Ghana’s Eastern neighbour, Togo spends $20 million every month to ensure the prices of essential goods are stable to protect consumers.
Amid the double whammy of Covid-19 and Russia’s invasion of Ukraine, Togo has been able to keep single digits with both headline and food inflation rates for September pegged at 7.90% and 8.60%, respectively.
According to Togo’s President, Faure Gnassingbe, who was speaking at the 2022 Qatar Economic Forum in Doha, the government is spending $20 million a month to cap prices of basic goods such as wheat, corn and fuel in their economy valued at $8.5 billion.
The President admitted, “That’s not sustainable for our finances so we are trying to set up a new strategy for the mid-and long-term.”

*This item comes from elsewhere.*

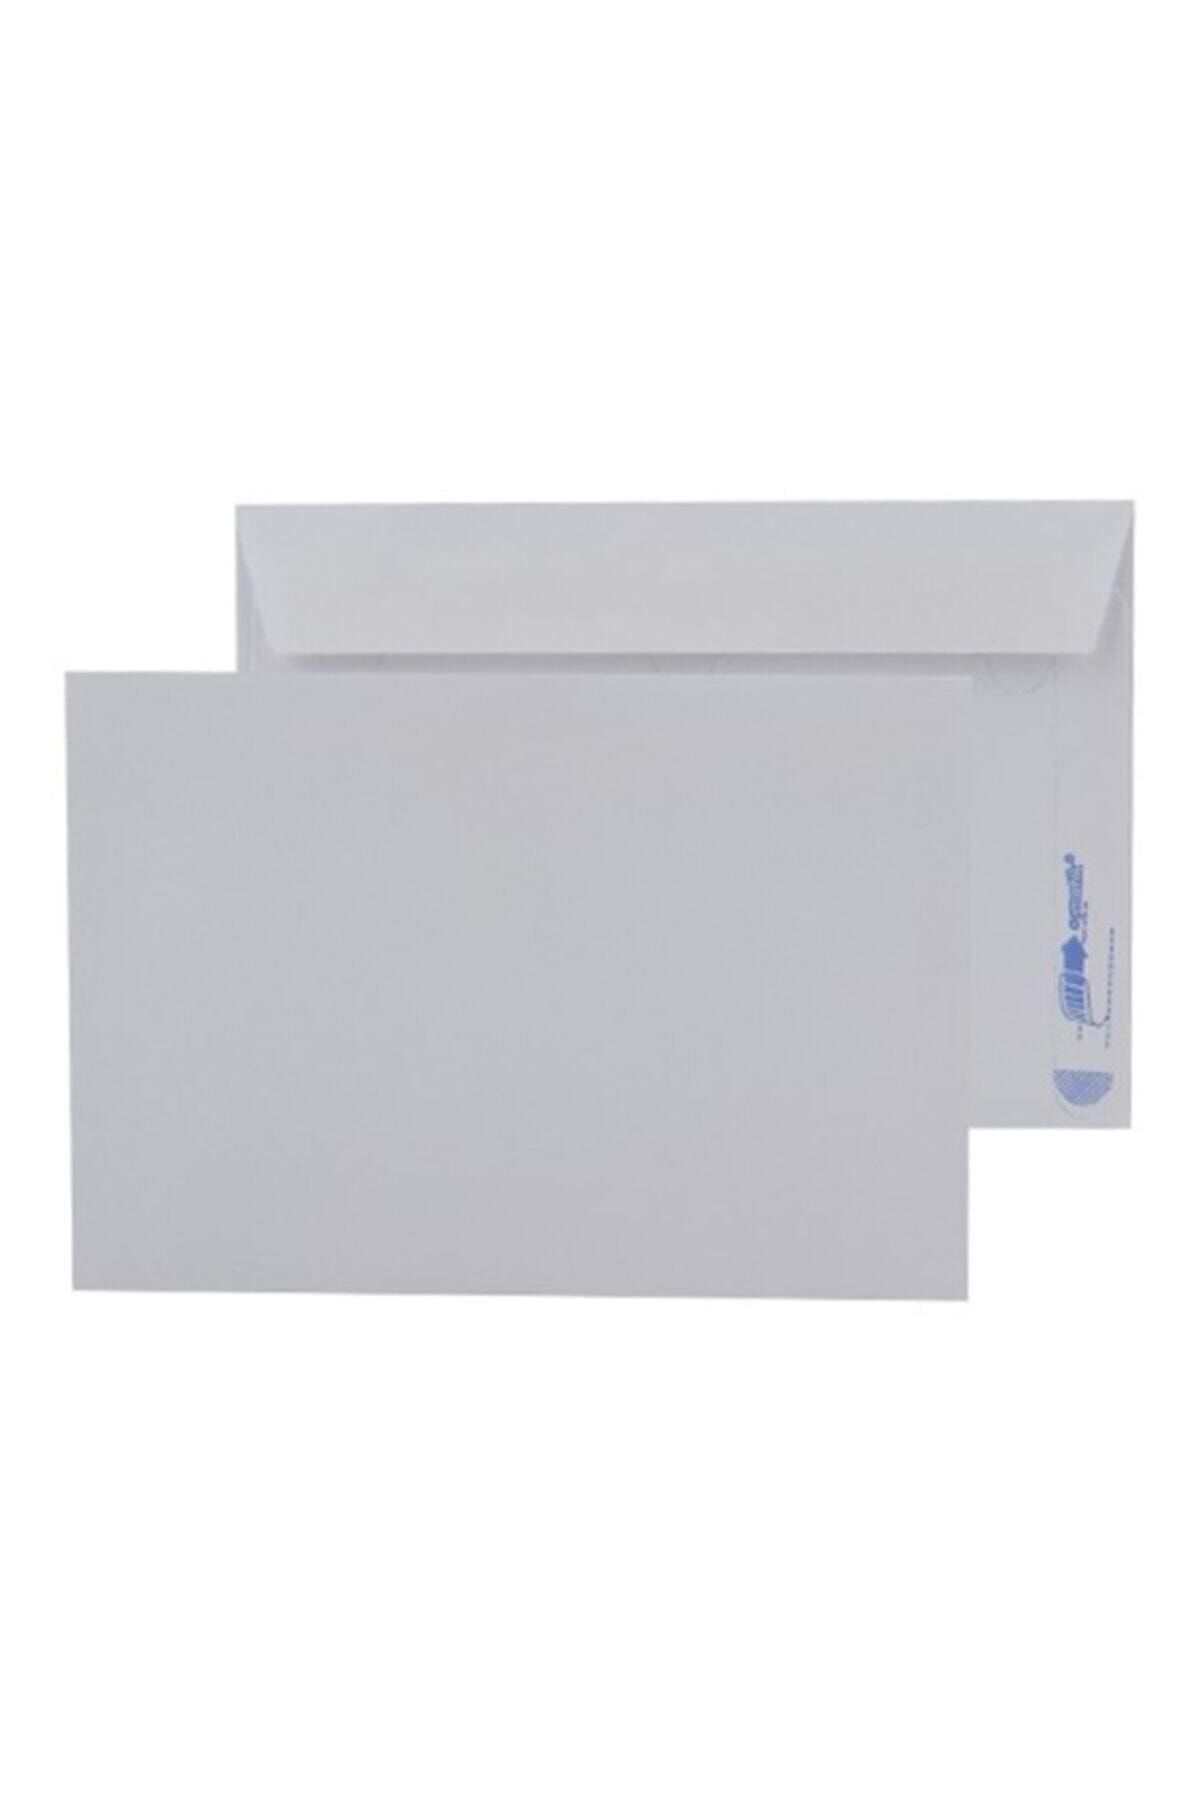 ASİL DOĞAN Mektup Zarfı - Para Zarfı - Takı Zarfı 11,4x16,2cm-100 Adet Beyaz (silikonlu) 90gr Kağıt

The West African nation is also taking steps to substitute essential imports and reduce emerging spending to curb inflation. For example, the state plans to urge bakers to mix wheat with locally-grown cassava to cut the import bill. At the same time, drivers of petrol-fueled motorbikes, the most widely used form of transportation, are also expected to switch to electric vehicles gradually.
Elsewhere in West Africa
Although Togo’s headline inflation has gone up by more than tenfold, countries like Cote D’Ivoire have seen inflation move from a negative rate of 1.1% in 2019 to 6.3%. Senegal’s inflation rose from 1.8% in 2019 to the prevailing rate of 11.9%. In Ghana, inflation has skyrocketed from 7.1% [pre-Covid] to 37.2% for September 2022.
In his recent address to the nation, President Akufo-Addo admitted that “the whole world has been taken aback by the speed with which inflation has eaten away people’s incomes. Economies, big and small, have experienced, over this year alone, the highest rise in cost of living over a generation…”.
He emphasised that “between the end of 2019 and now, inflation in Ghana has increased by five-fold, in Togo by sixteen-fold, by eleven-fold in Senegal, and by seven-fold in Cote d’Ivoire.”